La jauge

Mon grand père le faisait déjà, il continuait à conduire des bornes et des bornes après que le témoin de la jauge d’essence se soit allumé. J’ai évidemment fait mien cet héritage, ce peu, ce presque rien à hériter m’étant devenu , j’imagine, d’autant plus précieux au fur et à mesure des années que j’ai été spolié de tout le reste.

Non pas que j’en conserve une rancune particulière désormais. Non, j’ai tout pardonné bien sur, sinon il m’aurait été proprement impossible de vivre. La rage et la haine ne dure qu’un temps pour apprendre à se construire différemment, il faut cependant éviter de les conserver comme des alliés persistants,car nul doute que ceux ci auraient tôt fait de nous dévorer les entrailles.

J’allais m’engager sur la route de Vanosc lorsque j’en ai eu marre tout à coup de jouer avec le feu. J’ai fait signe aux quatre véhicules qui me suivaient, de me dépasser en indiquant sommairement la destination vers laquelle nous nous dirigions, et puis j’ai rebroussé chemin vers la nationale, je me suis engagé dans la direction de Saint Egrève, autrement dit vers l’inconnu, dans la quête d’une station essence.

La route s’enfonçant entre les flancs des collines ardéchoises ne présageait rien qui vaille, nulle maison, nul village, pendant quelques kilomètres je me demandais à la fois jusqu’où il allait falloir rouler en même temps que je faisais un point rapide sur les conséquences désagréables de la sale manie qui m’avait été transmise.

Tomber en panne serait tellement ridicule, plusieurs fois j’avais imaginé m’arrêter à une station, elles étaient nombreuses dans Annonay tout à l’heure, mais à l’idée d’interrompre le convoi tout entier , j’avais éludé. Entre deux situations ridicules c’est souvent la pire qu’il s’agit de choisir évidemment.

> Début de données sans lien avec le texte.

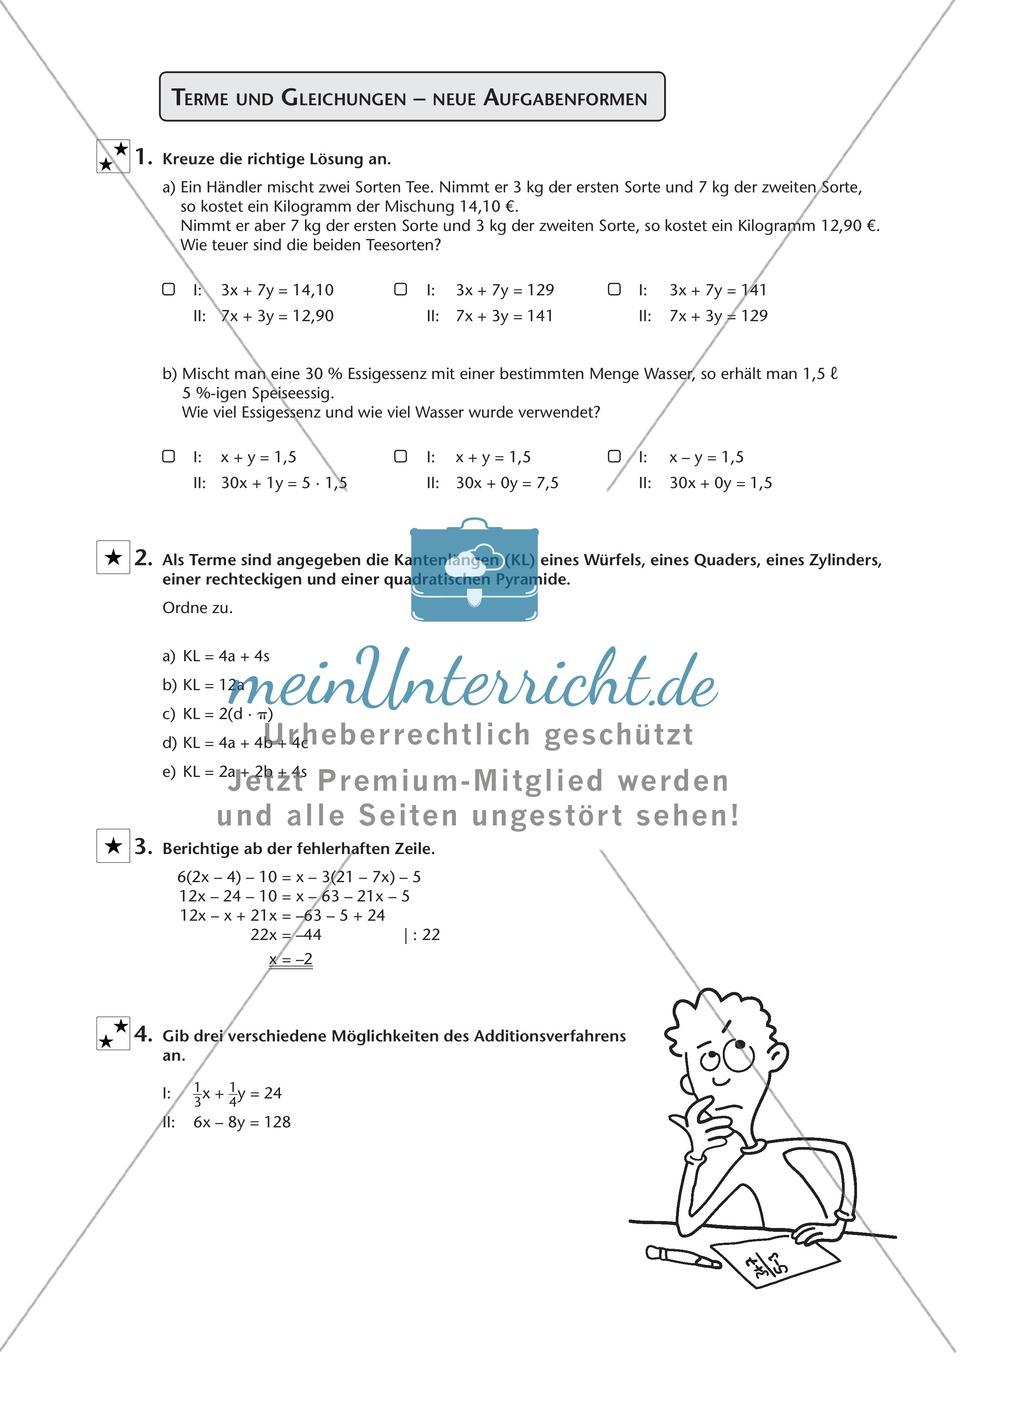 Vermischte Aufgaben mit Termen und Gleichungen - meinUnterricht

Un bref instant j’aperçois la silhouette falote de ce petit gamin sur le dos duquel les parents ont placardé leur dépit dans le mot « cancre » et qui devait se rendre au village le samedi pour aller quérir le pain et le journal.

C’est derrière un nouveau virage que soudain j’aperçus la station, au début j’ai cru qu’elle était abandonnée, tout paraissait si désuet, à l’abandon, pas même d’enseigne lumineuse indiquant les tarifs des carburants. J’allais presque la dépasser avec dépit lorsque j’ai aperçu la porte du bureau entre ouverte. coup de frein, marche arrière, et me voilà devant une charmante petite dame qui me demande pour combien je veux de 95.

Le destin encore une fois de plus aura donc été clément et m’aura pardonné cette nouvelle provocation, quasiment automatique.

Il faudra tout de même que je creuse un peu plus un jour d’où me vient cette sensation d’avoir toujours plus ou moins peur d’être ridicule.